O interessante é ressaltar que esse estudo também descobriu que as mulheres são mais propensas a ouvir conselhos do que os homens. Parece que os homens, ao escalarem a escada corporativa e adquirirem mais poder, crescem em presunção e autoconfiança. A confiança é boa – todos necessitamos ir em busca de nossos objetivos e responsabilidades de forma eficiente, entretanto, excesso de confiança geralmente resulta em desastrosa arrogância e até mesmo temeridade. Não raro tendem a mediocridade, com administrações pífias.

Talvez as mulheres intuitivamente saibam que os homens são mais inclinados a esquecer que é sábio dar ouvidos a conselhos. Não precisamos ser intuitivos para compreender a necessidade de consultar outras pessoas em busca de conselho e sabedoria para tomar decisões importantes.

O perigo de “decidir sozinho”. “Eu já decidi! Não venha me confundir com os fatos!” Ás vezes é esta a abordagem que adotamos na tomada de decisões, determinados a fazer o que queremos e do modo como queremos, embora empregados, colegas de trabalho, parceiros e escotistas nos aconselhem de forma diversa.

O problema de agir isoladamente. O orgulho é um problema com que todos nós lutamos de uma forma ou outra. Geralmente é o orgulho que insiste em nos fazer crer que não precisamos do suporte ou assistência dos demais. Infelizmente isso pode resultar em fracasso e mesmo desastre. Por isso, esta observação: “Se uma delas [pessoas] cai, a outra a ajuda a se levantar. Mas, se alguém está sozinho e cai, fica em má situação porque não tem ninguém que o ajude. Se faz frio, dois podem dormir juntos e se esquentar; mas um sozinho, sentirá mais frio!”

A recompensa de confiar em outros. Quando pedirmos conselhos a outros, nem sempre ouviremos o que desejamos ouvir. Porém, perspectivas diferentes, bem como o fato de ouvirmos soluções alternativas para o problema que temos que solucionar, podem produzir melhores resultados. “A associação que não tem um bom líder, certamente terá maiores dificuldades, porém ouvindo as alternativas, haverá maior chance de acertar”.

O poder de uma missão compartilhada. Há força na quantidade, nos lembra o ditado, e verdadeiramente é valioso trabalhar com outras pessoas, compartilhando talentos e experiências para um propósito comum. Da quantidade retira-se a qualidade!

Questões Para Reflexão ou Discussão:

1. Você concorda que relutância ou recusa em ouvir conselhos de outras pessoas na tomada de decisões importantes é resultado da presunção? Por quê?

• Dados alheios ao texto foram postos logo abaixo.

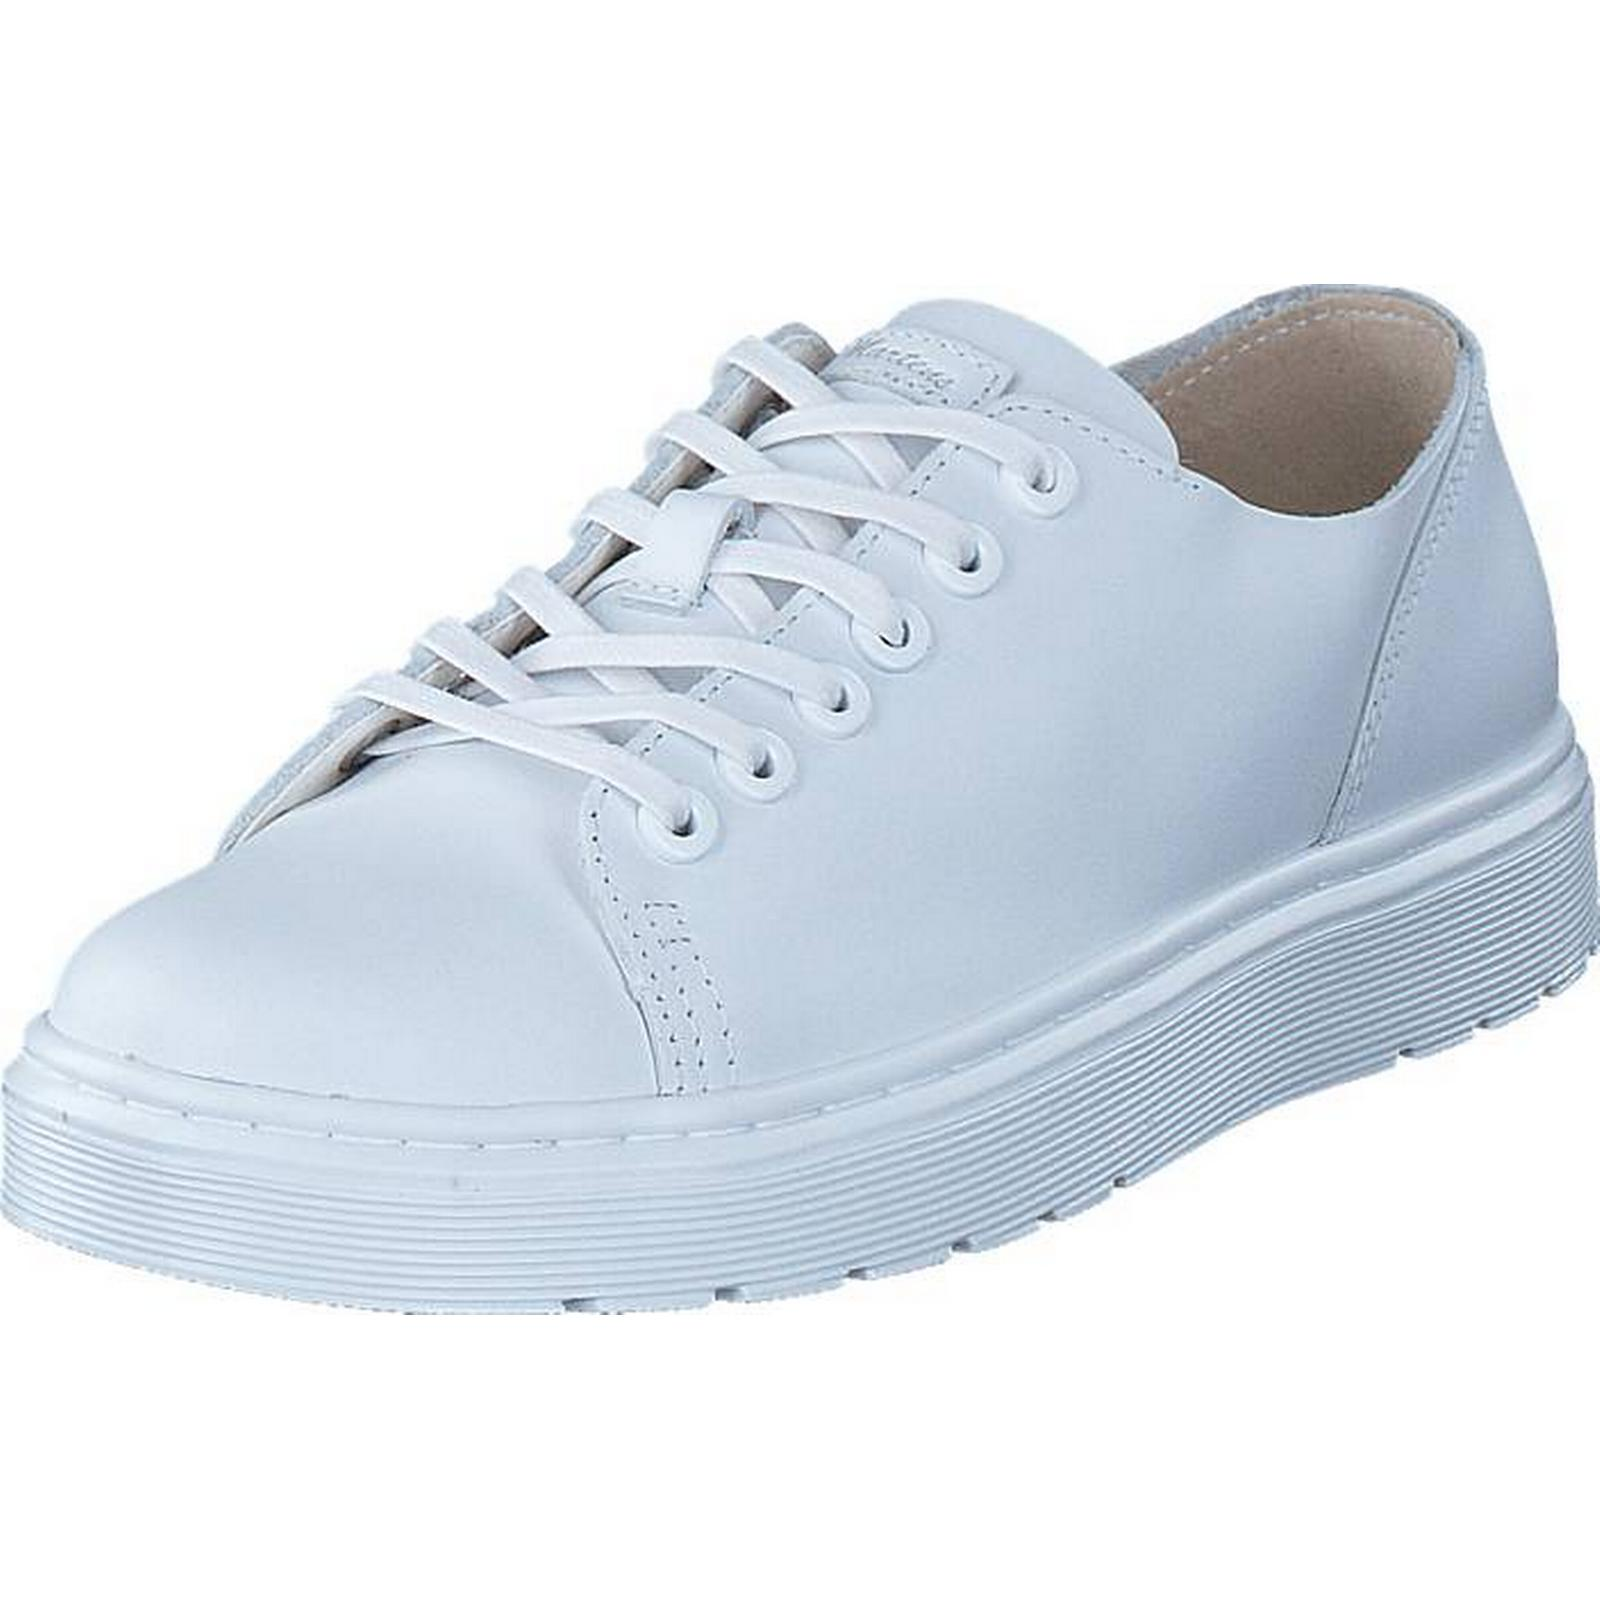 Dr Martens Dante White, White, Dante Shoes, Flats, Casual Shoes, White, Unisex, 36 45edf1

2. Quando enfrenta um problema desafiador ou precisa tomar decisões importantes, você busca conselho e avalia a perspectiva de outras pessoas?

3. Você já trabalhou para líderes presunçosos? Como você se sente ao vê-los tomar decisões sem solicitar o discernimento de outros que poderia ser valioso?

4. De que maneira você poderia procurar se tornar mais aberto para receber o conselho de outras pessoas?